Итак, Моська служил в первой роте.
Всякий раз, когда Моська выходил на плац, прикладывал по команде ружье к плечу, целился в мишень и, ожидая команды «пли», судорожно прижимал палец к спуску, на него нападал непобедимый страх. Моська — самый плохой солдат и стрелок роты — служил вот уже больше года, но ни свирепая дисциплина ***ского батальона, ни бесчисленные побои, наносимые ему всеми из начальства, ни «отеческие» увещевания — ничто не могло сделать из него солдата «как все»…
И когда наконец раздавалась команда «пли!», он весь обмирал и, зажмурив глаза, посылал пулю в пространство, где она начинала благополучно визжать, как будто совершенно не замечая мишеней, в которые Моська целился так долго, упорно и безнадежно…
Когда махальныйnote 1 после пятого, и последнего, выстрела снова прикладывал к Моськиной мишени белый четырехугольник, а затем комически взмахивал им кверху, давая понять, что пулю можно искать где угодно, только не в мишени, Моська чувствовал, что к нему сзади подбегает фельдфебель и с размаху бьет его в шею — раз и два! От таких ударов шапка у Моськи падала на землю, а сам он, вытянувшись и замерев в жалкой принужденной позе, смотрел вперед широко раскрытыми глазами и ничего не видел от слез, застлавших все поле и эти ненавистные глупые мишени, которые как будто смеялись над ним.
Несмотря на свое ничтожество в специальном «боевом» значении, Моська играл громадную роль в жизни первой роты.
— Это господь наказывает за грехи наши, — говорил какой-нибудь офицер, проходя мимо Моськи и с ненавистью глядя на его неуклюжую, обдерганную фигуру.
«Не было печали, так черти накачали», — думали его фельдфебель, взводный и подвзводный.
— Не было бы Моськи — хоть топись, — говорили солдаты.
И действительно, не будь Мосея, или Моськи, как звали его все, роте жилось бы еще хуже. В военной среде существует неизвестно на чем основанное убеждение, что первая по счету в батальоне рота должна быть также первой в смысле служебного превосходства. Если бы так было всегда на самом деле, то можно думать, что вторая, третья, четвертая, пятая шестая роты постоянно уступают все больше и больше друг другу в служебном рвении и что шестая, например, должна явиться чуть ли не сборищем самых плохих и ленивых солдат. На деле бывает, однако, часто наоборот. Хотя в первую роту и назначают по возможности более рослых солдат, но рослость еще не служит как известно, признаком особой способности к воинской «науке». Если же прибавить к этому, что офицерство заведующее первой ротой, точно такое же, как и в остальных, ни хуже, ни лучше, то будет понятно, почему сплошь и рядом на смотрах какая-нибудь пятая или шестая рота, которой раньше как-то и незаметно было на казарменном дворе, вдруг получает разные «спасибо» и прочее, а первая рота при гробовом молчании генерала отправляется восвояси домой.

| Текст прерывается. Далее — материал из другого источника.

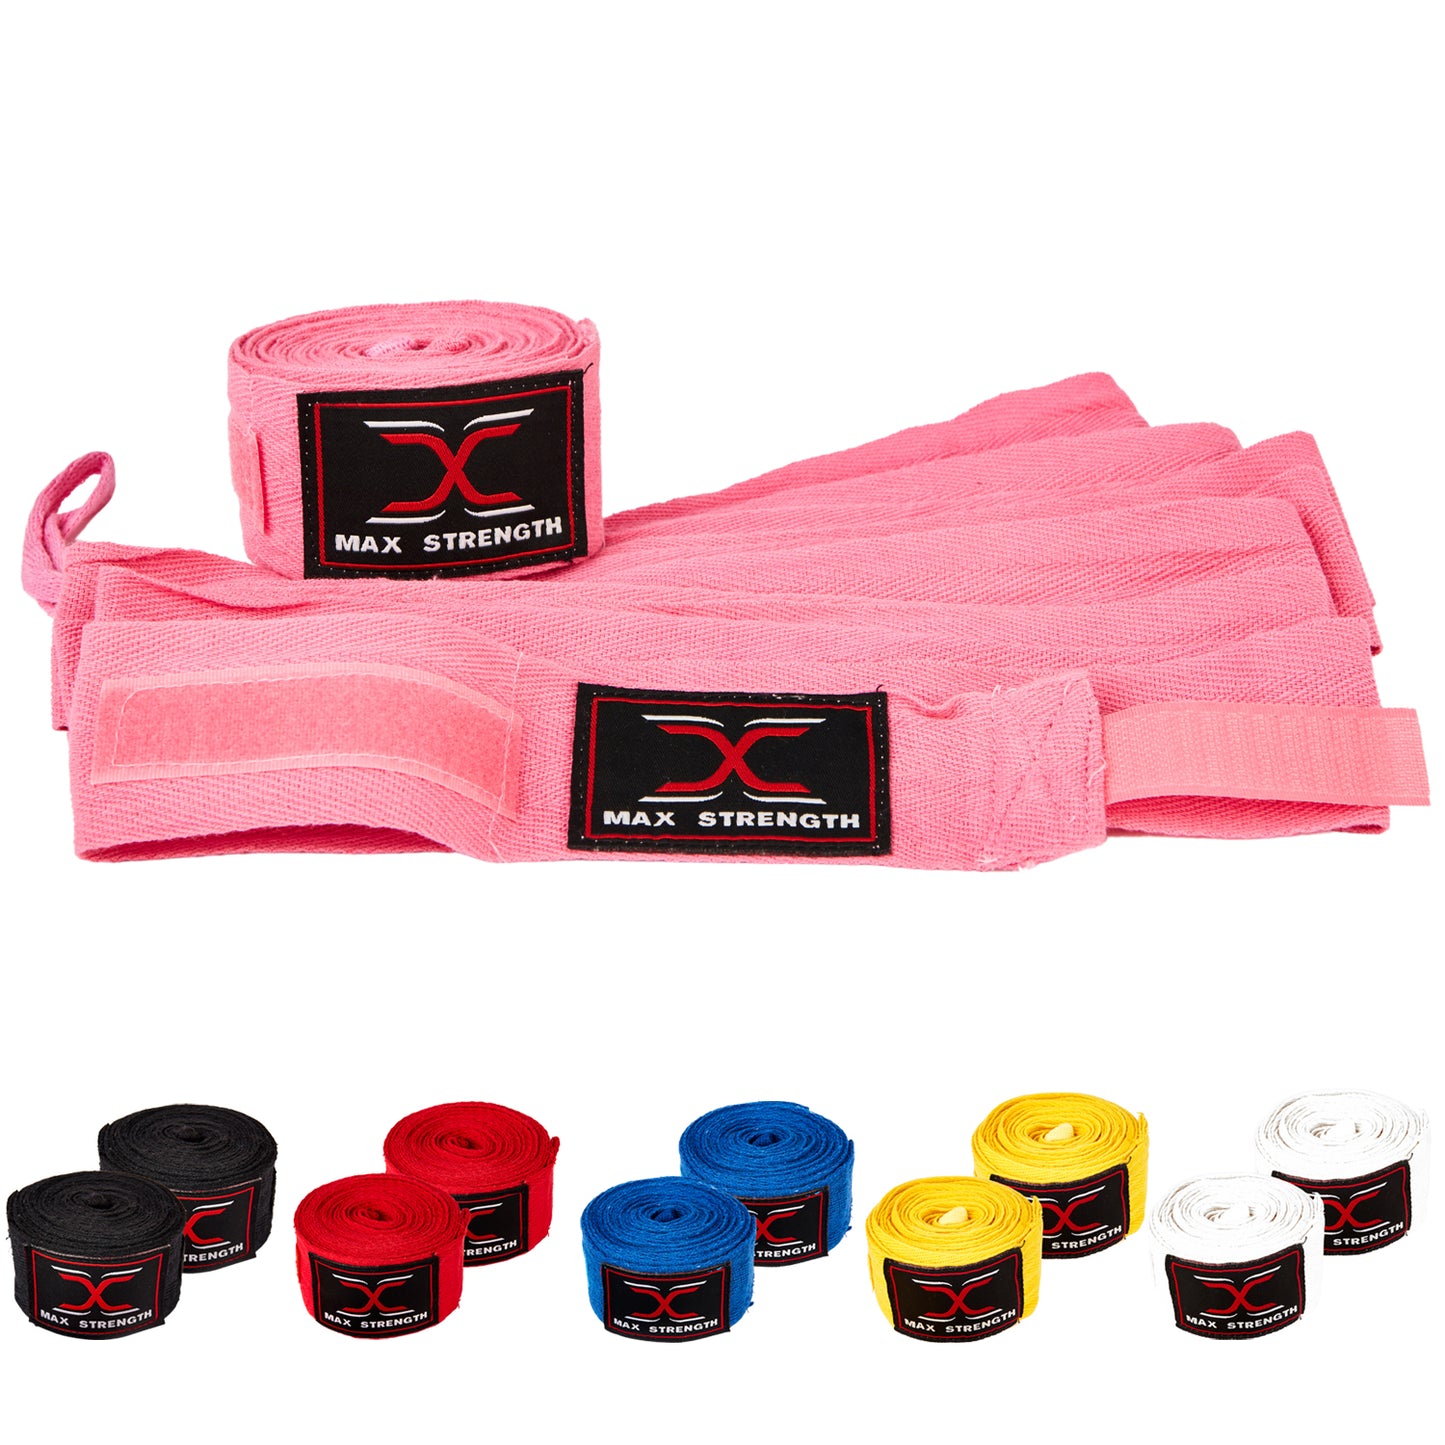 Pink boxing hand wraps

Моська служил в первой роте. Его рост и ширина плеч так понравились уездному воинскому начальнику что Моська был назначен в первую роту. Трудность и бессмысленность солдатской службы и жизни подействовали на него ошеломляюще. После двухнедельных испытаний, когда начальство убедилось, что в ближайшем будущем разве только сверхъестественное вмешательство может помочь Моське сделаться солдатом «как все», — он стал козлом отпущения. Его били, гоняли немилосердно, ставили «под ранец», и он молчал и безропотно переносил эти гонения, как будто сам считал себя ответственным за свою неспособность к военной службе.
Не проходило дня, чтоб Моська не повергал в уныние своего «фитьфебеля». То он повертывался не в ту сторону, куда нужно; то, вскидывая на плечо винтовку, так ударял штыком о штык соседа, что тот ронял ружье; то приходил на ученье в нечищеных сапогах, или надевал шапку без кокарды, или забывал патронташ, или свертывал шинель так, что она на ходу развертывалась и Моське надо было выходить из строя под градом ругательств, то… Но всего не пересчитаешь… Достаточно сказать, что если бы проследить шаг за шагом всю солдатскую жизнь Моськи, не нашлось бы, пожалуй, ни одного из преступлений, караемых дисциплинарными взысканиями, которых не совершал бы Моська по нескольку раз.
Вся ненависть начальства к солдату как к чему-то живому, которая обращает его в слепую, покорную машину, — сосредоточилась на Моське… Моська портит роту. Моська растлевающим образом действует на солдат, Моська глуп более, чем полагается быть глупым солдату.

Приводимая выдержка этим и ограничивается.